In one issue they could say that drinking a beer a day in moderation can
prevent certain cancers and taking too much health supplements can cause
irreversible, long-term damage to your liver. Then six issues later they could
say to get the dream abs you've always wanted, you must take these same health
supplements every day and cut out all beer.
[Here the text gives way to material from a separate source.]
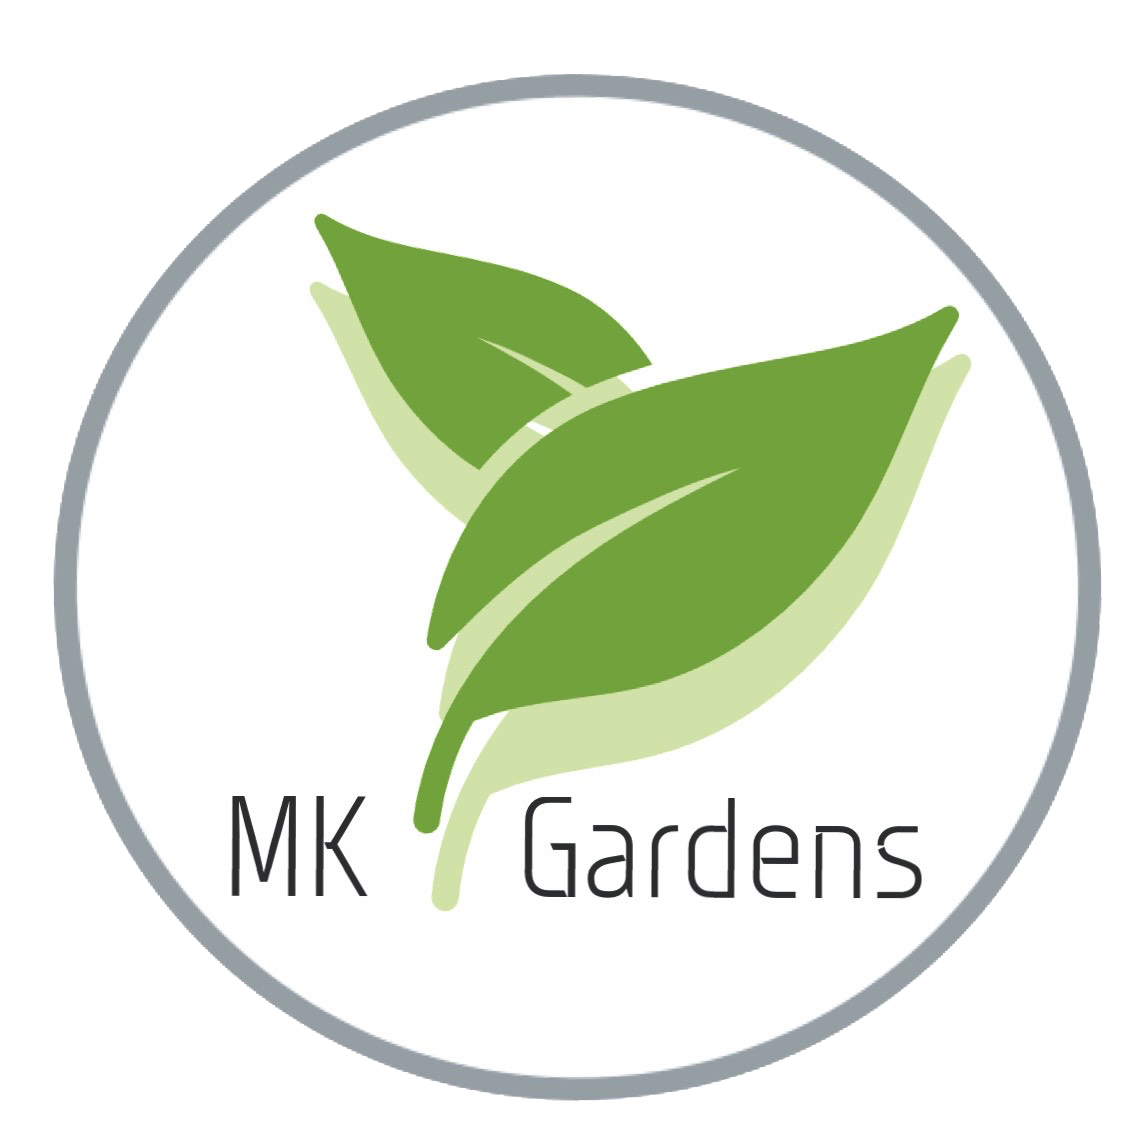 MK Gardens Ballarat landscape design services

They can provide facts and statistics to sell you any nutritional scare story,
and the whole game is this: they want you to think that you NEED them, so that
you will continue to buy their magazine. Most people take one story or more
from this type of scare tactic and run with it. Every diet has its secret.
Every nutritionist has his angle to keep you living for longer or to get
results in the gym faster. No wants makes money on the obvious: eat equally
from every food group and without bias, exercise regularly (cardiovascular and
weight training) and most importantly - have a bit of luck on the way - and
you'll be fine.

------
blakeweb
FYI, the author mentions "flax oil also fits the bill", which from what I
know, and from the most recent Nutrition Action Newsletter (nonprofit consumer
information organization), isn't true. It's in their latest (November) issue,
but I can't find a link to it online. <http://www.cspinet.org/nah/index.htm>

Flax oil I believe contains mostly omega-6, which people aren't generally as
needy of with our current diets.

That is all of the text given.